Data for processing:
# # # #
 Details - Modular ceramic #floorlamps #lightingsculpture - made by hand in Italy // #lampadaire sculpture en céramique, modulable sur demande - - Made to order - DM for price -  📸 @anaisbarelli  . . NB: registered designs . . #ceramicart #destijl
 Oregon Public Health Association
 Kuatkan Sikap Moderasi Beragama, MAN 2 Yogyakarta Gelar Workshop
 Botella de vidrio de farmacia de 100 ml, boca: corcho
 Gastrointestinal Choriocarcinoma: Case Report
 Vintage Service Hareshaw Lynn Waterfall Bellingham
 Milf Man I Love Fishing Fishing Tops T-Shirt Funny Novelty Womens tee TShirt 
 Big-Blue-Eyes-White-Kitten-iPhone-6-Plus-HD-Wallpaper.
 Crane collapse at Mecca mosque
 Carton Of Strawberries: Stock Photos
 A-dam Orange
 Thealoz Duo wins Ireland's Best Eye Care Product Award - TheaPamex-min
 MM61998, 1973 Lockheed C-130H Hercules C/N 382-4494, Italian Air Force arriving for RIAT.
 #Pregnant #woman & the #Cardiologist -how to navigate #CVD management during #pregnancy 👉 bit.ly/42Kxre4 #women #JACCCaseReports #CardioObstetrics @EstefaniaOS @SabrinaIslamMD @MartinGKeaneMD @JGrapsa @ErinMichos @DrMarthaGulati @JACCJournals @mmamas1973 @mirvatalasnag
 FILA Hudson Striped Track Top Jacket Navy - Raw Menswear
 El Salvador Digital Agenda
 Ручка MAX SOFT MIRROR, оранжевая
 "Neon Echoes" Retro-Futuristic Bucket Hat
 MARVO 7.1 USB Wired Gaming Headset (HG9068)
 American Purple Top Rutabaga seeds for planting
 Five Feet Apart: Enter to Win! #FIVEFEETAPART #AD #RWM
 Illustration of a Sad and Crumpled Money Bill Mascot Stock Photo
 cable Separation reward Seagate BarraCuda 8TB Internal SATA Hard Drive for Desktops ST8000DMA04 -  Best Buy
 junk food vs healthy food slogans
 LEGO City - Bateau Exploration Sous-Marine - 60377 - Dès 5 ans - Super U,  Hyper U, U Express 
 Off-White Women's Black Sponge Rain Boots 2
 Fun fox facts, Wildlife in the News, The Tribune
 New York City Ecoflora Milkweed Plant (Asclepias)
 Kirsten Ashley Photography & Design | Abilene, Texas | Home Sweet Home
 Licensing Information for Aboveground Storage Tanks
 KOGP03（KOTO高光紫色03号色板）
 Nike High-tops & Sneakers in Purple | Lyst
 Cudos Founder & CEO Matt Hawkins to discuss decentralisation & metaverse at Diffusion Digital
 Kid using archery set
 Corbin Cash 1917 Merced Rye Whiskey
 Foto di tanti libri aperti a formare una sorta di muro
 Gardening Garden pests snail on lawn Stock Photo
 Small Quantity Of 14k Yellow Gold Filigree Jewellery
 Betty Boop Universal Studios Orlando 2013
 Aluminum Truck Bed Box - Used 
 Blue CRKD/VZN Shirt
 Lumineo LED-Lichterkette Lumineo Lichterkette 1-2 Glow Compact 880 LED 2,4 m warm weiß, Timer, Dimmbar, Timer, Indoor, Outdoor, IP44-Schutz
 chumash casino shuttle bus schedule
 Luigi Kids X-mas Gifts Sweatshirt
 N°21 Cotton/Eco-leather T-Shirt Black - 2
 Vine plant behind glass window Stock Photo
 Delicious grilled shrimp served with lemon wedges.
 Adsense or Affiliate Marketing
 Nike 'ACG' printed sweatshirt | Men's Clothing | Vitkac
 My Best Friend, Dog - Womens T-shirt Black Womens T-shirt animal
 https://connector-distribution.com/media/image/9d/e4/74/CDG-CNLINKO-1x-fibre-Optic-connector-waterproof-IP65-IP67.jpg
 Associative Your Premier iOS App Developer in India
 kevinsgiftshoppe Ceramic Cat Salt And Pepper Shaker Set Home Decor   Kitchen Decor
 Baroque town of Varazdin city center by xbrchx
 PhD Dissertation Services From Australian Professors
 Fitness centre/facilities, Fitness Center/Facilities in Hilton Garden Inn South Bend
# # # #
About this task:
Transcribe the material exactly as it reads.

Response box:
 Details - Modular ceramic #floorlamps #lightingsculpture - made by hand in Italy // #lampadaire sculpture en céramique, modulable sur demande - - Made to order - DM for price -  📸 @anaisbarelli  . . NB: registered designs . . #ceramicart #destijl
 Oregon Public Health Association
 Kuatkan Sikap Moderasi Beragama, MAN 2 Yogyakarta Gelar Workshop
 Botella de vidrio de farmacia de 100 ml, boca: corcho
 Gastrointestinal Choriocarcinoma: Case Report
 Vintage Service Hareshaw Lynn Waterfall Bellingham
 Milf Man I Love Fishing Fishing Tops T-Shirt Funny Novelty Womens tee TShirt 
 Big-Blue-Eyes-White-Kitten-iPhone-6-Plus-HD-Wallpaper.
 Crane collapse at Mecca mosque
 Carton Of Strawberries: Stock Photos
 A-dam Orange
 Thealoz Duo wins Ireland's Best Eye Care Product Award - TheaPamex-min
 MM61998, 1973 Lockheed C-130H Hercules C/N 382-4494, Italian Air Force arriving for RIAT.
 #Pregnant #woman & the #Cardiologist -how to navigate #CVD management during #pregnancy 👉 bit.ly/42Kxre4 #women #JACCCaseReports #CardioObstetrics @EstefaniaOS @SabrinaIslamMD @MartinGKeaneMD @JGrapsa @ErinMichos @DrMarthaGulati @JACCJournals @mmamas1973 @mirvatalasnag
 FILA Hudson Striped Track Top Jacket Navy - Raw Menswear
 El Salvador Digital Agenda
 Ручка MAX SOFT MIRROR, оранжевая
 "Neon Echoes" Retro-Futuristic Bucket Hat
 MARVO 7.1 USB Wired Gaming Headset (HG9068)
 American Purple Top Rutabaga seeds for planting
 Five Feet Apart: Enter to Win! #FIVEFEETAPART #AD #RWM
 Illustration of a Sad and Crumpled Money Bill Mascot Stock Photo
 cable Separation reward Seagate BarraCuda 8TB Internal SATA Hard Drive for Desktops ST8000DMA04 -  Best Buy
 junk food vs healthy food slogans
 LEGO City - Bateau Exploration Sous-Marine - 60377 - Dès 5 ans - Super U,  Hyper U, U Express 
 Off-White Women's Black Sponge Rain Boots 2
 Fun fox facts, Wildlife in the News, The Tribune
 New York City Ecoflora Milkweed Plant (Asclepias)
 Kirsten Ashley Photography & Design | Abilene, Texas | Home Sweet Home
 Licensing Information for Aboveground Storage Tanks
 KOGP03（KOTO高光紫色03号色板）
 Nike High-tops & Sneakers in Purple | Lyst
 Cudos Founder & CEO Matt Hawkins to discuss decentralisation & metaverse at Diffusion Digital
 Kid using archery set
 Corbin Cash 1917 Merced Rye Whiskey
 Foto di tanti libri aperti a formare una sorta di muro
 Gardening Garden pests snail on lawn Stock Photo
 Small Quantity Of 14k Yellow Gold Filigree Jewellery
 Betty Boop Universal Studios Orlando 2013
 Aluminum Truck Bed Box - Used 
 Blue CRKD/VZN Shirt
 Lumineo LED-Lichterkette Lumineo Lichterkette 1-2 Glow Compact 880 LED 2,4 m warm weiß, Timer, Dimmbar, Timer, Indoor, Outdoor, IP44-Schutz
 chumash casino shuttle bus schedule
 Luigi Kids X-mas Gifts Sweatshirt
 N°21 Cotton/Eco-leather T-Shirt Black - 2
 Vine plant behind glass window Stock Photo
 Delicious grilled shrimp served with lemon wedges.
 Adsense or Affiliate Marketing
 Nike 'ACG' printed sweatshirt | Men's Clothing | Vitkac
 My Best Friend, Dog - Womens T-shirt Black Womens T-shirt animal
 https://connector-distribution.com/media/image/9d/e4/74/CDG-CNLINKO-1x-fibre-Optic-connector-waterproof-IP65-IP67.jpg
 Associative Your Premier iOS App Developer in India
 kevinsgiftshoppe Ceramic Cat Salt And Pepper Shaker Set Home Decor   Kitchen Decor
 Baroque town of Varazdin city center by xbrchx
 PhD Dissertation Services From Australian Professors
 Fitness centre/facilities, Fitness Center/Facilities in Hilton Garden Inn South Bend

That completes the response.